ROI GROUP LLC
SERVICE AGREEMENT
This Service Agreement is made on May 14, 2007 between Thinkpath Inc., a
corporation organized and existing under the laws of Ontario, Canada, with its
principal place of business located at 00 Xxxx Xxxxxxx Xxxxx, Xxxxx 000,
Xxxxxxx, Xxxxxxx, Xxxxxx X0X 0X0, hereinafter referred to as "Company" and ROI
Group LLC, a Delaware Corporation, with its principal place of business located
at 00 Xxxxxxxx, 00xx Xxxxx, Xxx Xxxx, XX 00000, hereinafter referred to as
"ROI".
1. RECITALS
Company provides customized solutions in: Engineering & Design Services,
Technical Publishing & Documentation, Computer Aided Design (CAD) and On-site
Engineering Support.
ROI agrees to perform investor relations services for the Company under the
terms and conditions set forth in this Service Agreement.
2. COMPENSATION
The Company agrees to pay:
1) The cash component of the fee will be a retainer in the amount of $10,000 /
month.
PAYMENT IS DUE ON THE FIRST OF EACH MONTH OF SERVICE. THE FIRST AND
LAST MONTHS RETAINERS ARE DUE ON THE SIGNING OF THE SERVICE AGREEMENT. THE TOTAL
CASH OUTLAY FOR THE FIRST MONTH THEREFORE CONSISTS OF THE FIRST
AND LAST MONTH'S FEES FOR A TOTAL OF $20,000.
2) Common Stock & Warrants:
We commit not to sell the shares or the shares underlying our warrants as
long as we represent the Company.
o 240,000 shares of Thinkpath Inc. (THPHF) common stock restricted
for one year.
* ALL WARRANTS WILL CARRY WITH THEM PIGGYBACK REGISTRATION RIGHTS AND
HAVE A CASHLESS EXERCISE FEATURE AS ONE OPTION OF THEIR CONVERSION,
AND ARE TO BE DELIVERED AS SOON AS PRACTICABLE
FOLLOWING THE EXECUTION OF THE SERVICE AGREEMENT.
3) Regarding any financing efforts, in which we act as finder, our role will
be limited to simply introducing you to potential sources of capital. We
will not negotiate the terms of any investment, nor will we proactively
sell the deal to potential investors. Once we make an introduction, any
potential investors will deal directly with the Company, and we will have
no role in providing due diligence to potential investors.
For introductions that result in the Company obtaining funding in the form
of equity, convertible debt or other equity-linked securities, our
compensation will be as follows:
|X| 15% of the cash proceeds and warrants paid to an intermediary, if
placed through an intermediary also receiving a fee;
|X| 10% of cash proceeds and 10% of the warrants included in the
placement, if placed directly;
00 Xxxxxxxx, Xxxxx 0000 - Xxx Xxxx, XX 00000 - Phone: (000) 000-0000 -
Fax: (000) 000-0000
For introductions that result in the Company obtaining funding in the form
of senior or mezzanine, or Bank/Commercial Lender Debt, our compensation
will be as follows:
|X| 15% of the compensation paid to an intermediary, for Debt placed
through an intermediary also receiving a fee;
|X| 3% for Debt if placed directly;
THE ABOVE SCHEDULE OF SUCCESS FEES COVERS ANY TRANSACTION BETWEEN THE
COMPANY AND ANY PARTY INTRODUCED BY ROI GROUP LLC, WHICH IS CONCLUDED
WITHIN TWO YEARS FROM THE TERMINATION OF THE
SERVICE AGREEMENT. THE FEE IS PAYABLE IN CASH AT THE TIME OF THE CLOSING.
3. REIMBURSED EXPENSES
The following will be billed monthly and assessed at a rate of 110%:
a. Travel Expenses (with Company approval)
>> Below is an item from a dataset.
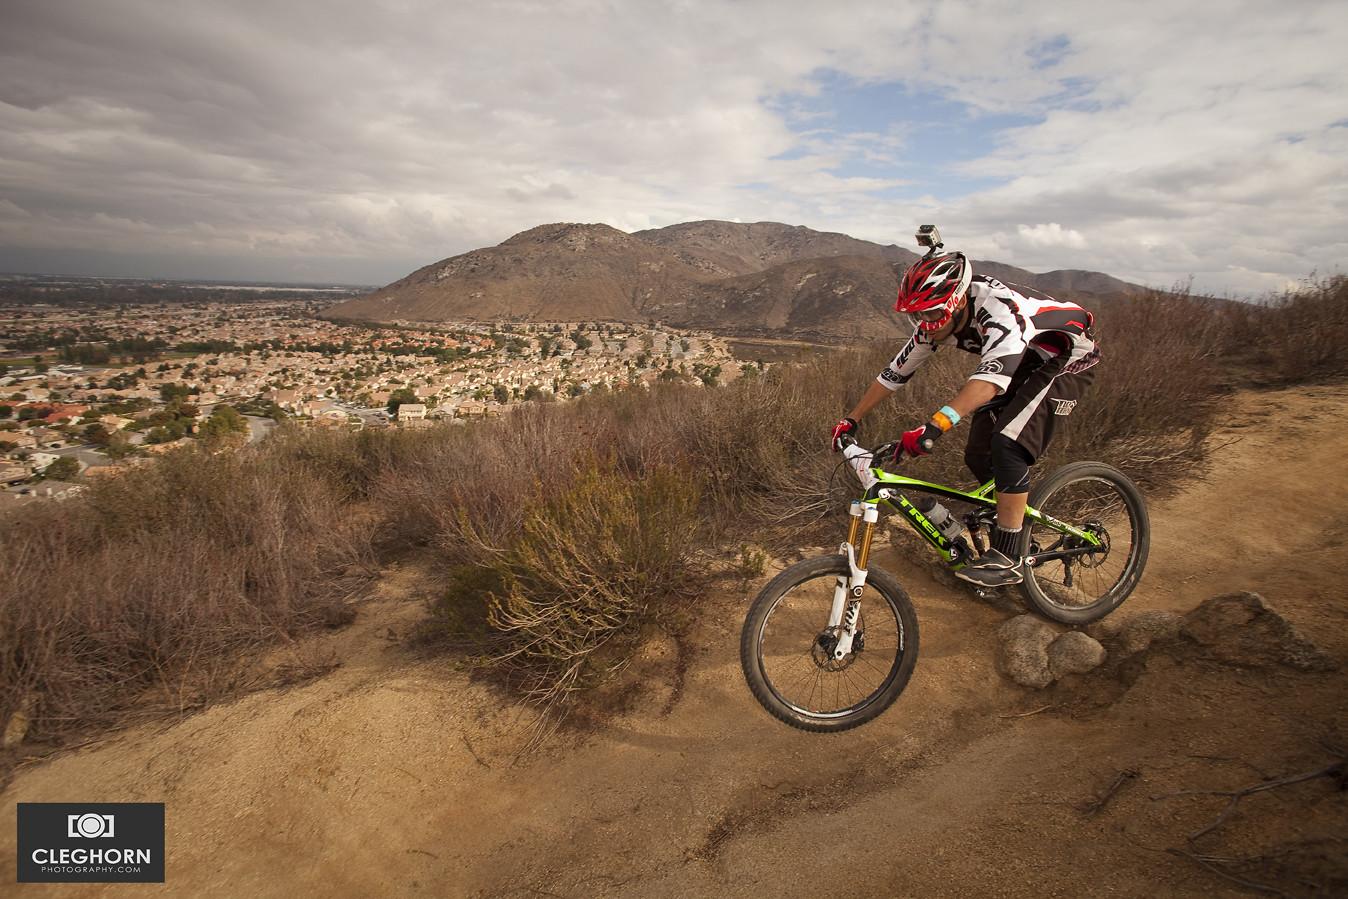 Jon Buckell - Cleghorn Photography - Mountain Biking Pictures - Vital MTB

b. Printing and commercial reproduction
c. Mailing and courier services
d. Other outsourced professional services
4. INVOICES AND PAYMENTS
Invoices for the above expenses will be submitted with the monthly retainer
invoice and payment is due at the offices of ROI on the same day each month
as the day that this Service Agreement was dated, as set forth above, for
each month of service."
In the event ROI shall be successful in any law suit for damages for breach
of this Service Agreement including but not limited to non-payment of
invoices, enforcement of this Service Agreement, or to enjoin the other
party from violating this Service Agreement, ROI shall be entitled to
recover as part of its damages, its reasonable legal costs and expenses for
establishing and maintaining any such action.
5. APPROVALS
The Company hereby designates Declan French as its representative, unless
otherwise, notified in writing. All material produced by ROI shall be
approved in writing by this representative. All work so approved shall be
considered to have been accepted by the Company.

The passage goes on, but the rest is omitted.